Let’s design a ride-sharing service like Uber, which connects passengers who need a ride with drivers who have a car.
Similar Services: Ola, Lyft, Didi, Via, Sidecar etc.
Difficulty level: Hard
Prerequisite: Designing Yelp
Step-1: What is Uber ?
Uber enables its customers to book drivers for taxi rides.
Uber drivers use their personal cars to drive customers around.

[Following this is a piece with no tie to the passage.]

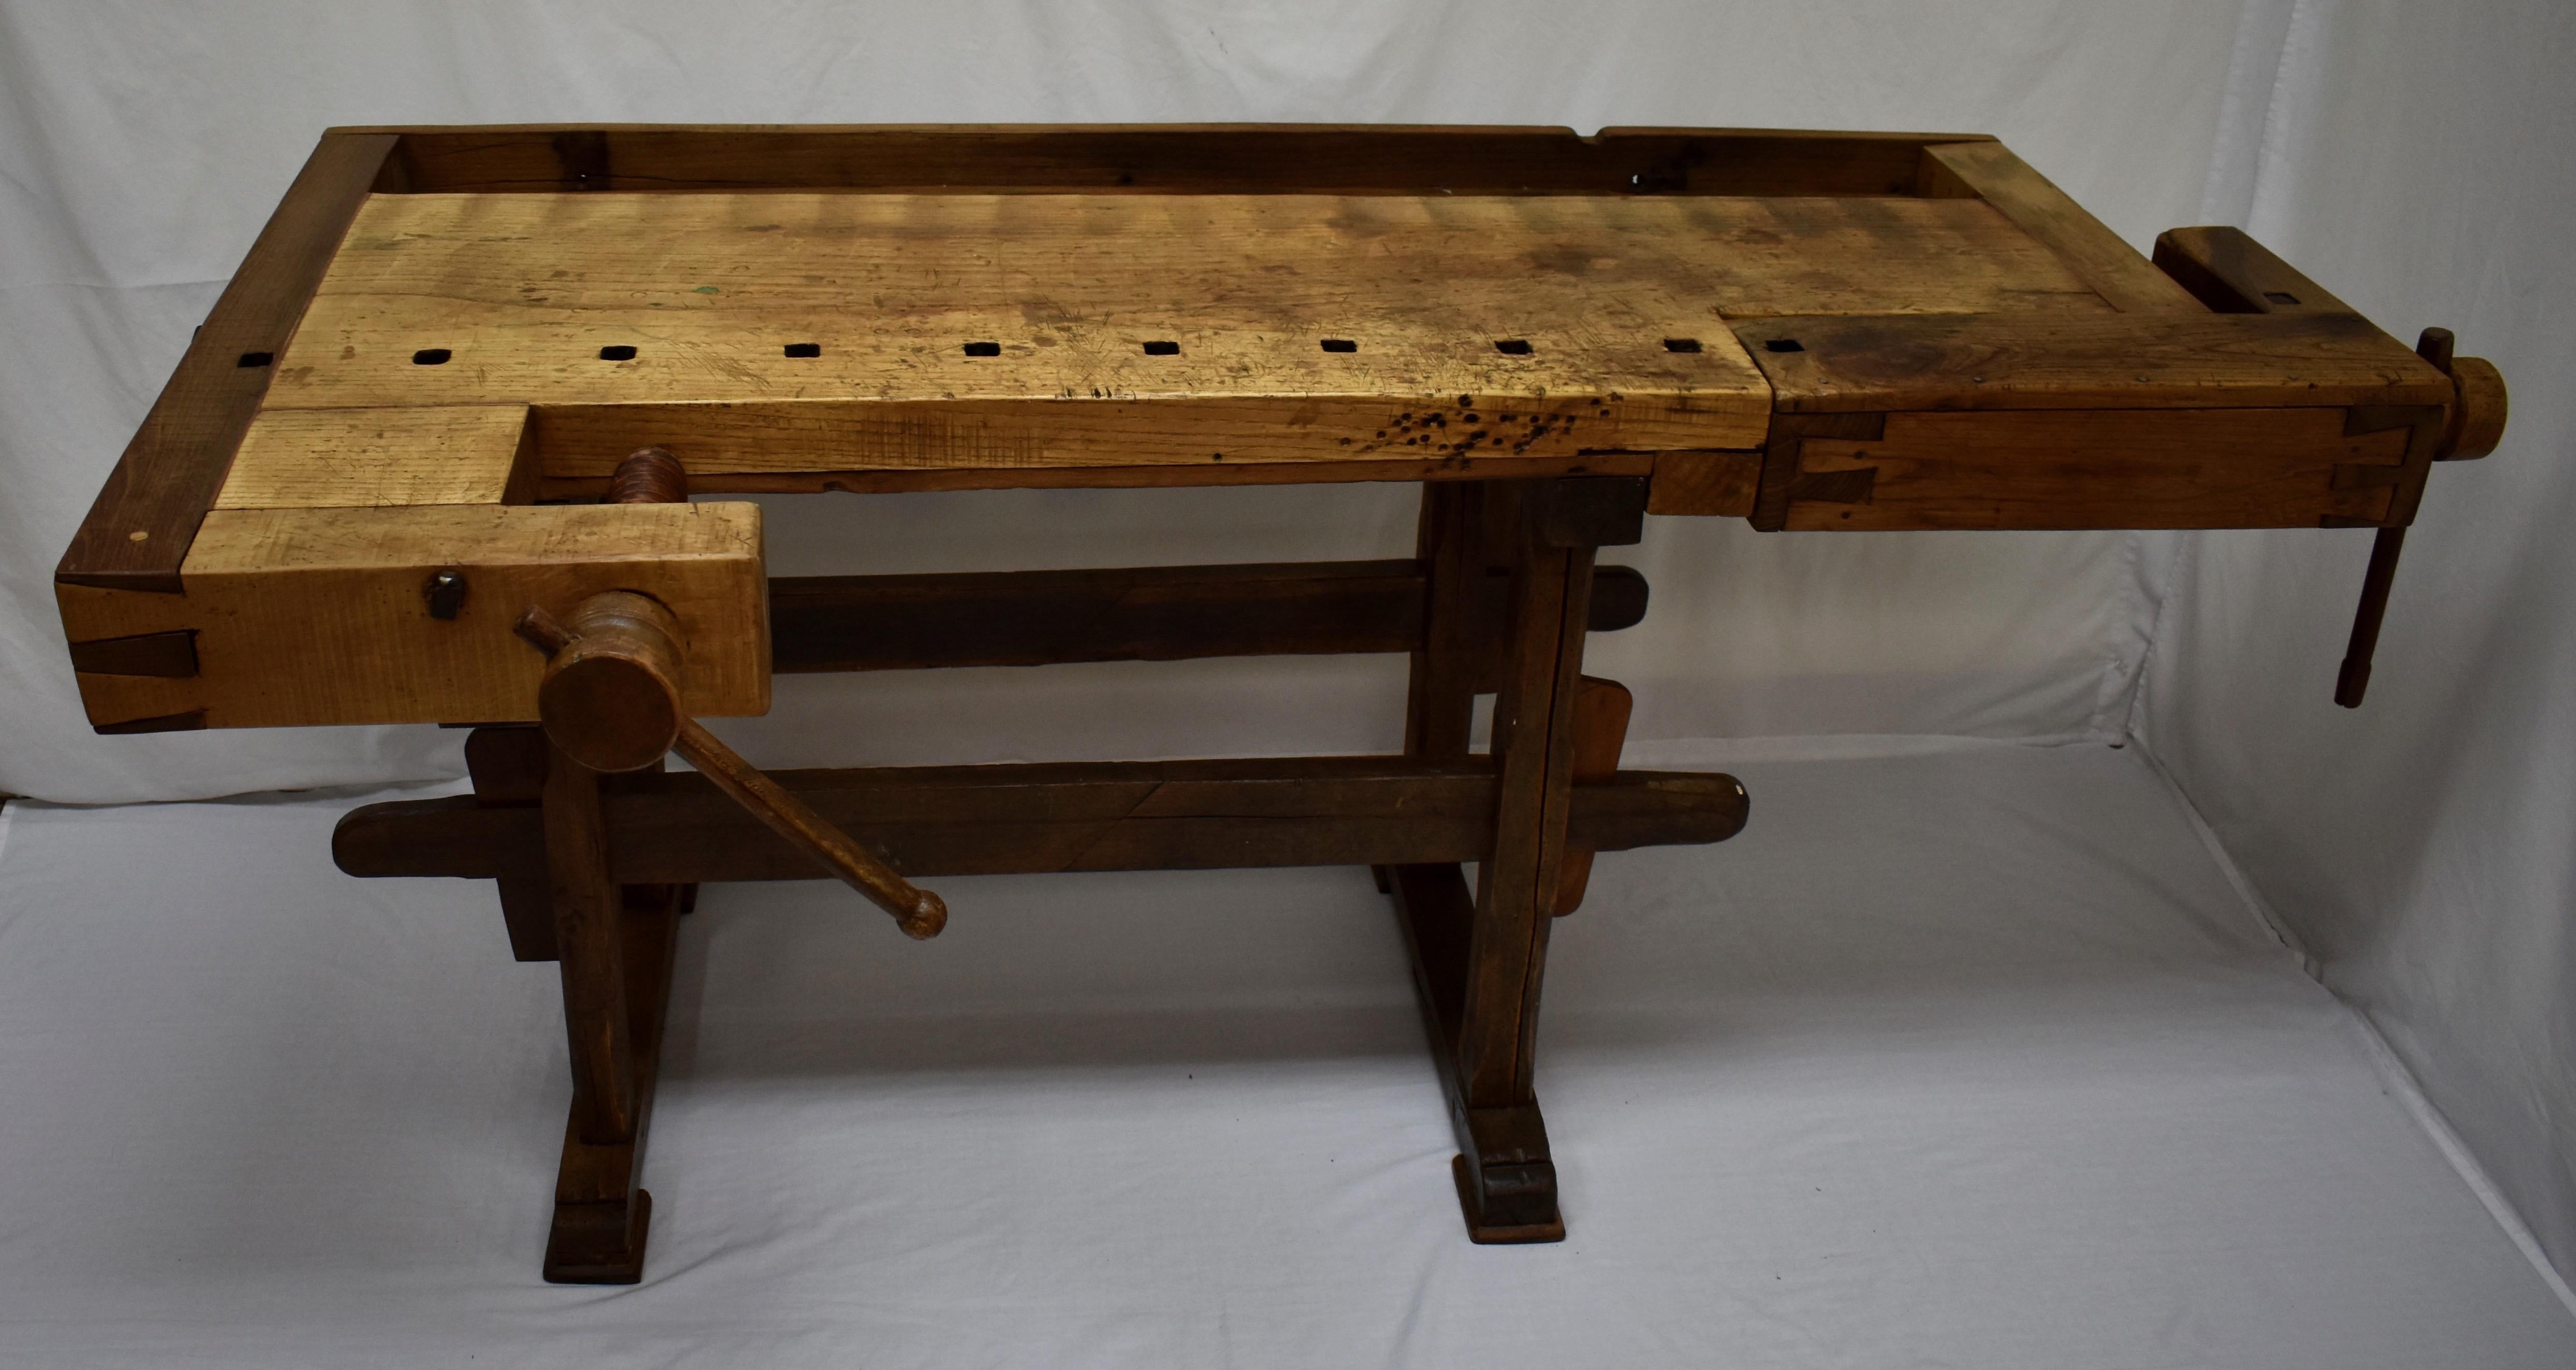 This outstanding oak Joiner’s workbench is smaller than most. It is also less distressed than most, and while it bears all the scars of decades of purposeful use, it does not have the deep gouges, chops and multiple incisions found on most such
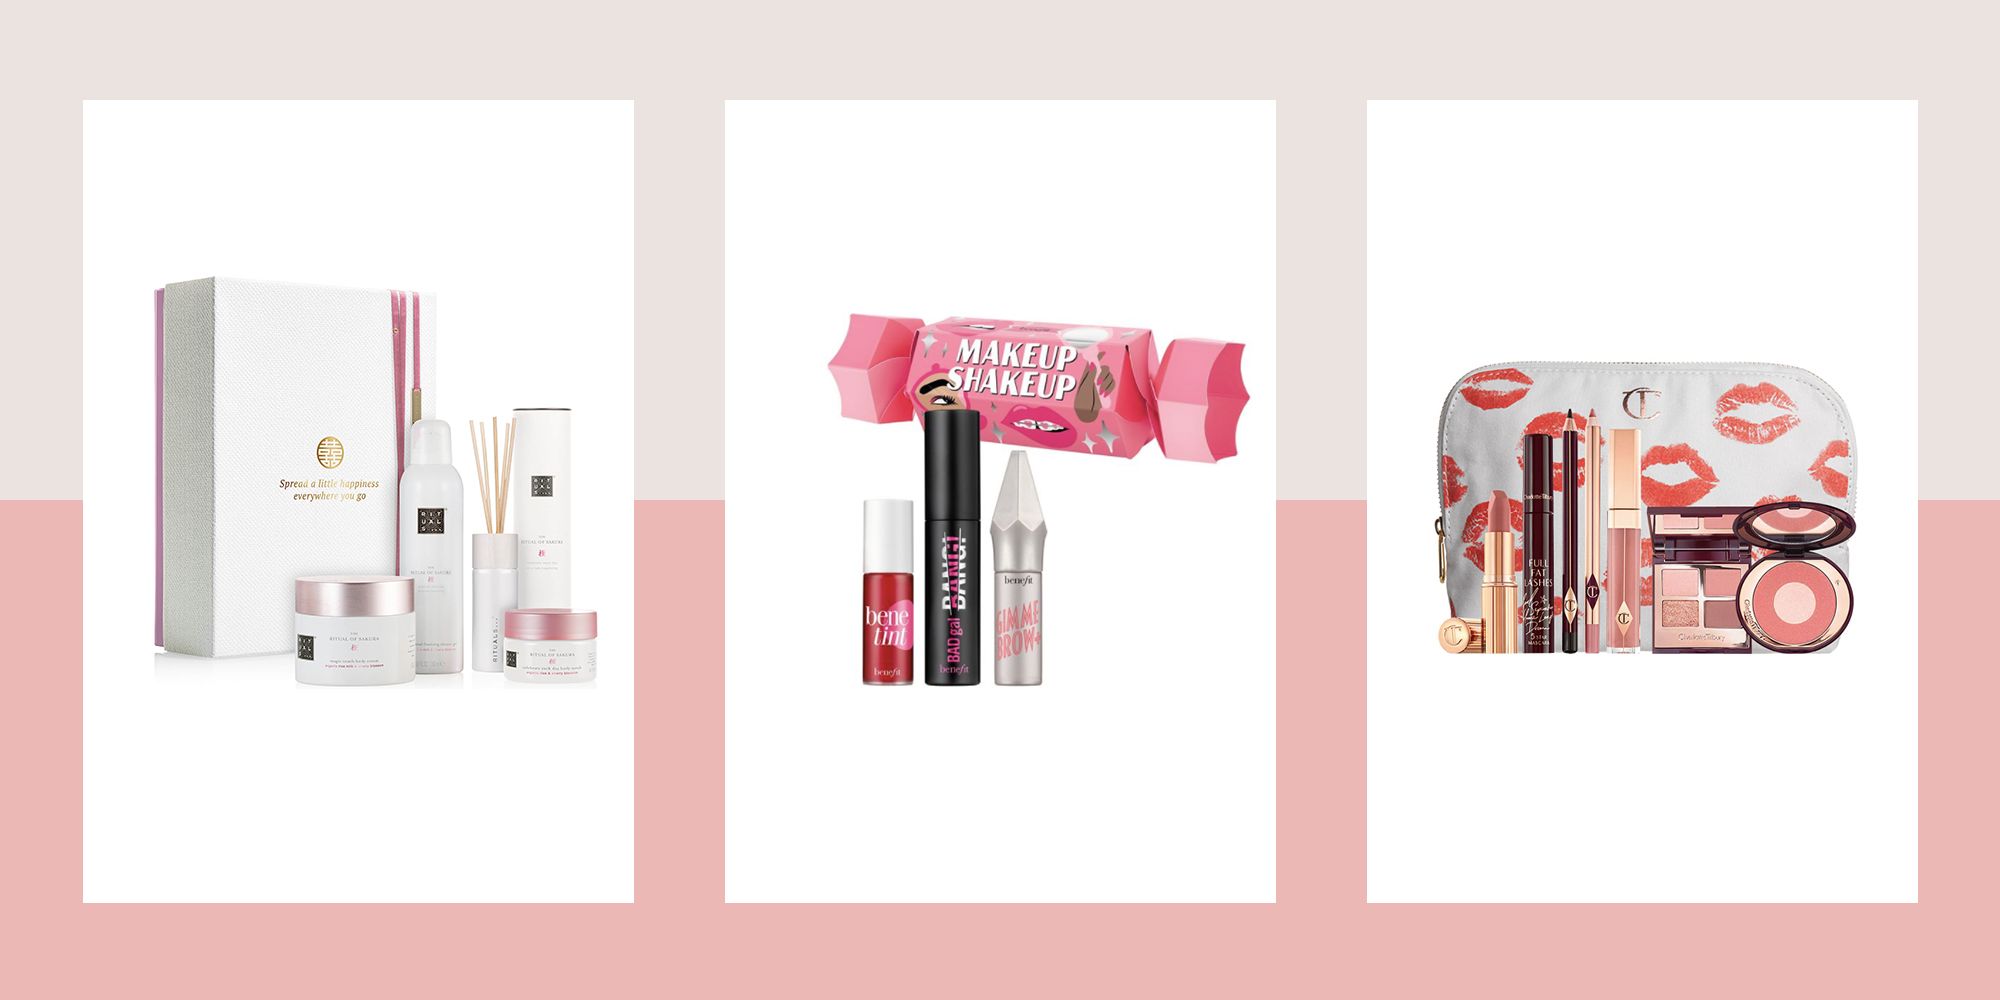 Beauty gifts sets perfect for the

Both customers and drivers communicate with each other through their smartphones using Uber app.
Step-2: Requirements and Goals of the System
Let’s start with building a simpler version of Uber.
There are two kinds of users in our system:
Drivers
Customers.
Typical Workflow
Drivers need to regularly notify the service about their current location and their availability to pick passengers.
Passengers get to see all the nearby available drivers.
Customer can request a ride, nearby drivers are notified that a customer is ready to be picked up.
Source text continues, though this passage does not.